The game proved popular enough that MicroProse released a modestly enhanced Transport Tycoon Deluxe the following year, with optional fixed instead of randomly generated maps, with an editor for making your own versions of same, with new environments (arctic, tropical, or the ultra-whimsical Toy Land), and with some tweaks to gameplay (railroad signals grew somewhat more complex and flexible, and the timeline was shifted twenty years forward to run from 1950 to 2050, with a correspondingly more futuristic selection of vehicles on offer by the end). Rather bizarrely, however, no effort was made to fix the game’s fundamental issues of poor artificial intelligence, too much busywork, a broken economy, and an over-extended play time. In this sense, the deluxe edition was a colossal missed opportunity. Transport Tycoon is a really fun game even with all of its infelicities; without them, it could have been a staggeringly great one.

Indeed, Transport Tycoon‘s peculiar combination of fascination and frustration caused it to become one of those games that players felt a compulsion to somehow fix. Ten years worth of fan-made patches and tweaks finally yielded in 2004 to the first release of OpenTTD, an open-source clone of the game. The latter has continued to receive updates ever since, and has joined the likes of FreeCiv and NetHack as a staple of what we might call “hacker gaming.” As such, it evinces both the typical advantages and disadvantages of its species. A huge array of options and add-ons is available to correct every one of the problems I’ve outlined above and then some, but the process of choosing the right ones and putting them all together can be daunting, enough so as to drive away the player who just wants a fun, balanced game that plays well right out of the (virtual) box.

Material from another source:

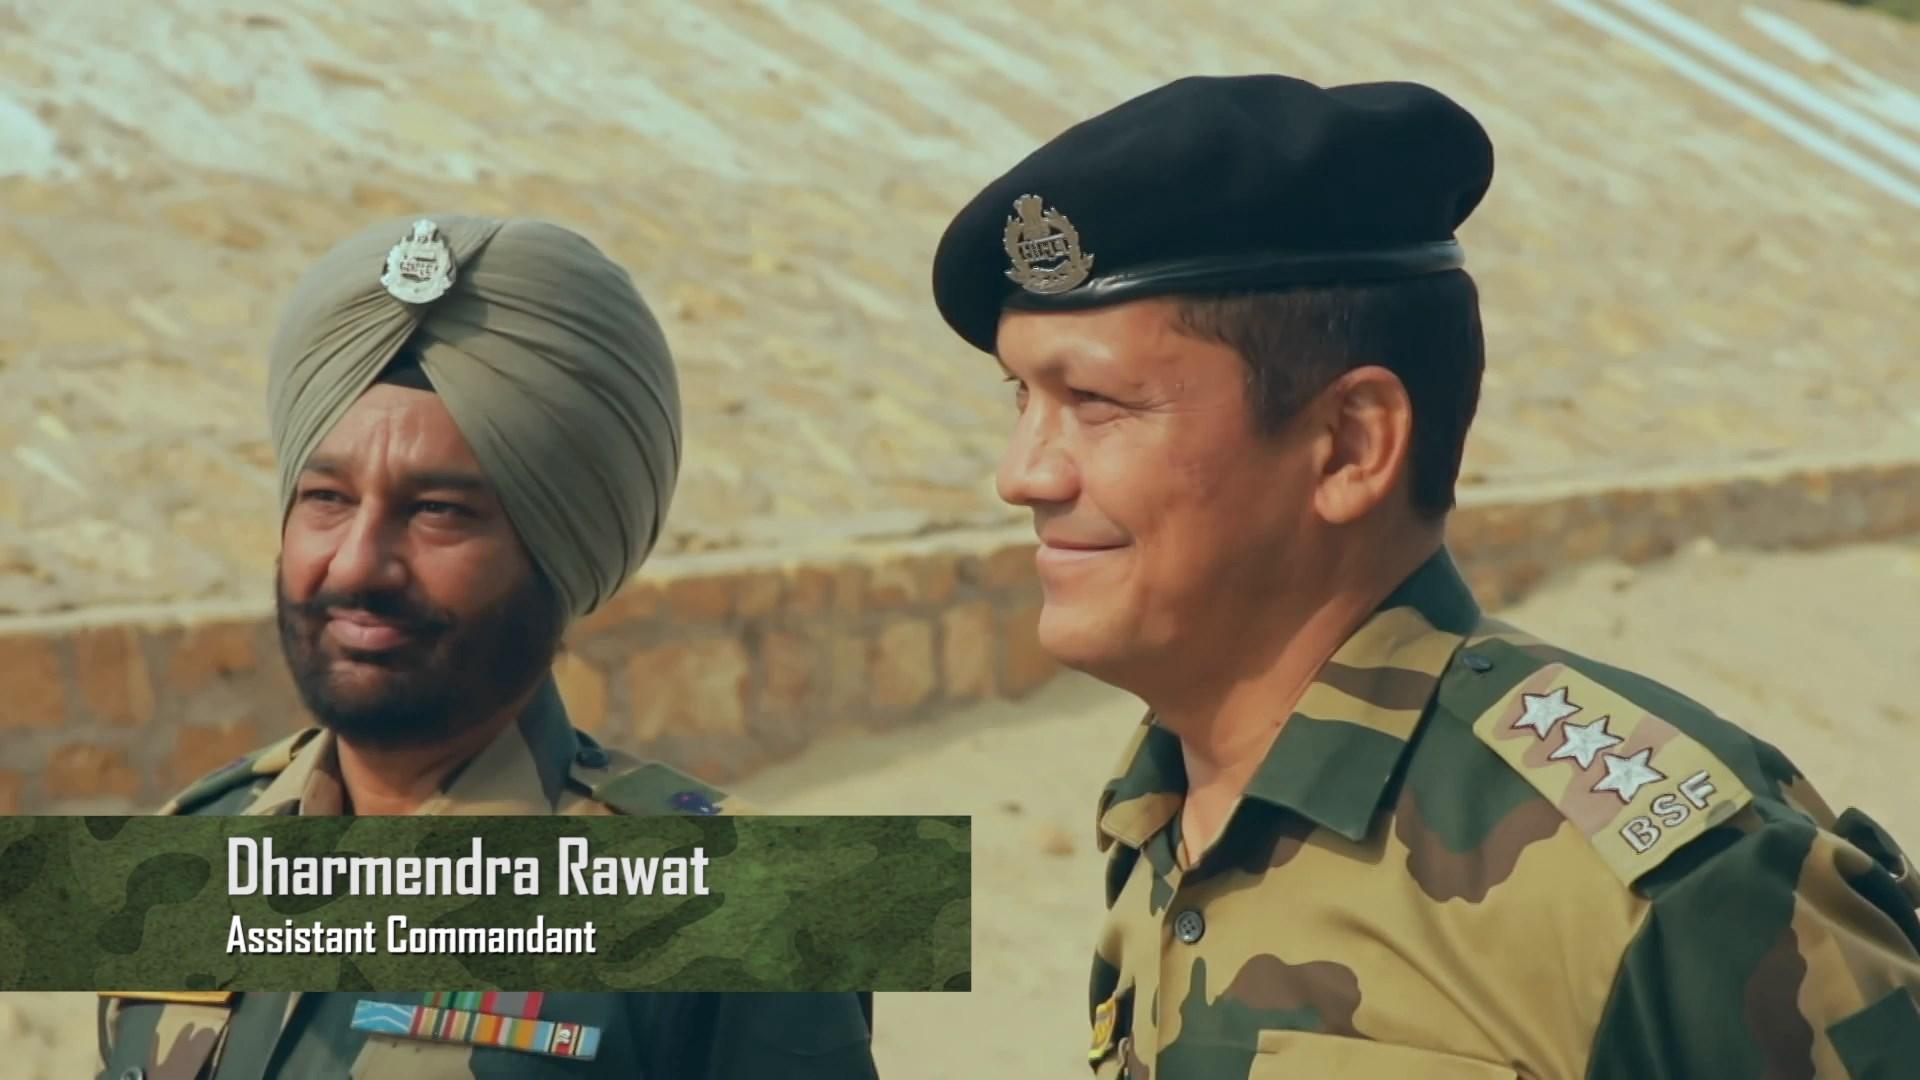 Download Mission Frontline with Rana Daggubati 2021 (Season 1) Hindi {Discovery+ Series} WeB-DL

But enough of that; this is intended to be a review of the original Transport Tycoon rather than its later incarnations. In any such review, the obvious point of comparison remains its inspiration of Railroad Tycoon. This fact is not always to Transport Tycoon‘s benefit: it cannot be denied that the older game is also the more fully-realized. There are many reasons to prefer it: its carefully honed balance, the verisimilitude provided by its deeper connection to real history, its slightly more advanced train management (I dearly miss in Transport Tycoon the ability to change your trains’ consists automatically at stations), the fact that you can reasonably expect to finish a single game in an evening or two. And yet there’s something to be said as well for Transport Tycoon‘s more easygoing personality and more pronounced sandbox flavor, not to mention its groundbreaking interface and delightful aesthetic presentation. If I had to choose one, the critic and the pedant in me would demand that I take Railroad Tycoon. But luckily, we don’t really have to choose, do we?

(Sources: Computer Gaming World of October 1991 and March 1995; Edge of December 1993, February 1994, and February 1995; Electronic Entertainment of March 1995; Retro Gamer 4, 8, 58, 74, 98, and 138. Online sources include a Wired profile of Chris Sawyer and a EuroGamer interview with him, as well as his own home page.

Transport Tycoon has never received a digital re-release. I therefore take the liberty of hosting a version here that’s ready to run; just add the Windows, Macintosh, or Linux version of DOSBox. Do note, however, that most modern players prefer OpenTTD, which is free in all senses of the word.)